Exercise ::
Retype the entries below word for word, leaving none out.

BEGIN Exercise data

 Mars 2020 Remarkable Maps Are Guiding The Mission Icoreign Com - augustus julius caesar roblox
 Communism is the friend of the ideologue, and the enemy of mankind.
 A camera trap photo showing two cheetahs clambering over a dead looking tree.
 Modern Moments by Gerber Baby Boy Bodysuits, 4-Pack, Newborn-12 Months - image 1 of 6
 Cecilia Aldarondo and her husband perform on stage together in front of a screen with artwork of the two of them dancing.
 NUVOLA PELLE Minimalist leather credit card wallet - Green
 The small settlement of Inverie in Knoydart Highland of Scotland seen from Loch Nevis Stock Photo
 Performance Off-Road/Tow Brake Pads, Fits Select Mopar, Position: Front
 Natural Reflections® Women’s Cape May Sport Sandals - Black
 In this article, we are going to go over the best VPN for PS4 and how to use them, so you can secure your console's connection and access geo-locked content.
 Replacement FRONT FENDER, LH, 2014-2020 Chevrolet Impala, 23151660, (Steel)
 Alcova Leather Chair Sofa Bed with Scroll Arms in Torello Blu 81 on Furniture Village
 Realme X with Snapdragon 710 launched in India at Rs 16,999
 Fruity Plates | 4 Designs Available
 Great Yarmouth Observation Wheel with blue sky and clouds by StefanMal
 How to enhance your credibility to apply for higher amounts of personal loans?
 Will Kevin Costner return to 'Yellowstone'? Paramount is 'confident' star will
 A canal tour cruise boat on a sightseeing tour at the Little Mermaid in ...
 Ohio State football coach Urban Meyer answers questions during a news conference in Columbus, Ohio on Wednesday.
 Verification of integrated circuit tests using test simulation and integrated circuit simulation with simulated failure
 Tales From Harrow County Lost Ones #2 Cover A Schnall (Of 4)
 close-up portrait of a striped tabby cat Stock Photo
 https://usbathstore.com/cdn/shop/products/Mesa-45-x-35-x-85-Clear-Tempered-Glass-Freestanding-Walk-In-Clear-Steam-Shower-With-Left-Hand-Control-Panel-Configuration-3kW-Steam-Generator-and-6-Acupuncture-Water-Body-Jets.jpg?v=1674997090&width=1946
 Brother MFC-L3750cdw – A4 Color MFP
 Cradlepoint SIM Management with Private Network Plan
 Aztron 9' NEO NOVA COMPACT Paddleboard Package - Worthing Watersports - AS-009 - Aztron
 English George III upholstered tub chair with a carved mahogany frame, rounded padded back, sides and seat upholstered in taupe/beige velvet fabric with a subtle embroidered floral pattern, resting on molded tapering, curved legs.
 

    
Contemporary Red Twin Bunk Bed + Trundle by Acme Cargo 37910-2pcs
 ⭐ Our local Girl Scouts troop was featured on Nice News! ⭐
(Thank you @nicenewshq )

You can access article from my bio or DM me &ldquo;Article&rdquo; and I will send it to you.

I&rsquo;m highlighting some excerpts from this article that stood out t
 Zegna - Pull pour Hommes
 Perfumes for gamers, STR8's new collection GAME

END Exercise data

Your solution ::
 Mars 2020 Remarkable Maps Are Guiding The Mission Icoreign Com - augustus julius caesar roblox
 Communism is the friend of the ideologue, and the enemy of mankind.
 A camera trap photo showing two cheetahs clambering over a dead looking tree.
 Modern Moments by Gerber Baby Boy Bodysuits, 4-Pack, Newborn-12 Months - image 1 of 6
 Cecilia Aldarondo and her husband perform on stage together in front of a screen with artwork of the two of them dancing.
 NUVOLA PELLE Minimalist leather credit card wallet - Green
 The small settlement of Inverie in Knoydart Highland of Scotland seen from Loch Nevis Stock Photo
 Performance Off-Road/Tow Brake Pads, Fits Select Mopar, Position: Front
 Natural Reflections® Women’s Cape May Sport Sandals - Black
 In this article, we are going to go over the best VPN for PS4 and how to use them, so you can secure your console's connection and access geo-locked content.
 Replacement FRONT FENDER, LH, 2014-2020 Chevrolet Impala, 23151660, (Steel)
 Alcova Leather Chair Sofa Bed with Scroll Arms in Torello Blu 81 on Furniture Village
 Realme X with Snapdragon 710 launched in India at Rs 16,999
 Fruity Plates | 4 Designs Available
 Great Yarmouth Observation Wheel with blue sky and clouds by StefanMal
 How to enhance your credibility to apply for higher amounts of personal loans?
 Will Kevin Costner return to 'Yellowstone'? Paramount is 'confident' star will
 A canal tour cruise boat on a sightseeing tour at the Little Mermaid in ...
 Ohio State football coach Urban Meyer answers questions during a news conference in Columbus, Ohio on Wednesday.
 Verification of integrated circuit tests using test simulation and integrated circuit simulation with simulated failure
 Tales From Harrow County Lost Ones #2 Cover A Schnall (Of 4)
 close-up portrait of a striped tabby cat Stock Photo
 https://usbathstore.com/cdn/shop/products/Mesa-45-x-35-x-85-Clear-Tempered-Glass-Freestanding-Walk-In-Clear-Steam-Shower-With-Left-Hand-Control-Panel-Configuration-3kW-Steam-Generator-and-6-Acupuncture-Water-Body-Jets.jpg?v=1674997090&width=1946
 Brother MFC-L3750cdw – A4 Color MFP
 Cradlepoint SIM Management with Private Network Plan
 Aztron 9' NEO NOVA COMPACT Paddleboard Package - Worthing Watersports - AS-009 - Aztron
 English George III upholstered tub chair with a carved mahogany frame, rounded padded back, sides and seat upholstered in taupe/beige velvet fabric with a subtle embroidered floral pattern, resting on molded tapering, curved legs.
 

    
Contemporary Red Twin Bunk Bed + Trundle by Acme Cargo 37910-2pcs
 ⭐ Our local Girl Scouts troop was featured on Nice News! ⭐
(Thank you @nicenewshq )

You can access article from my bio or DM me &ldquo;Article&rdquo; and I will send it to you.

I&rsquo;m highlighting some excerpts from this article that stood out t
 Zegna - Pull pour Hommes
 Perfumes for gamers, STR8's new collection GAME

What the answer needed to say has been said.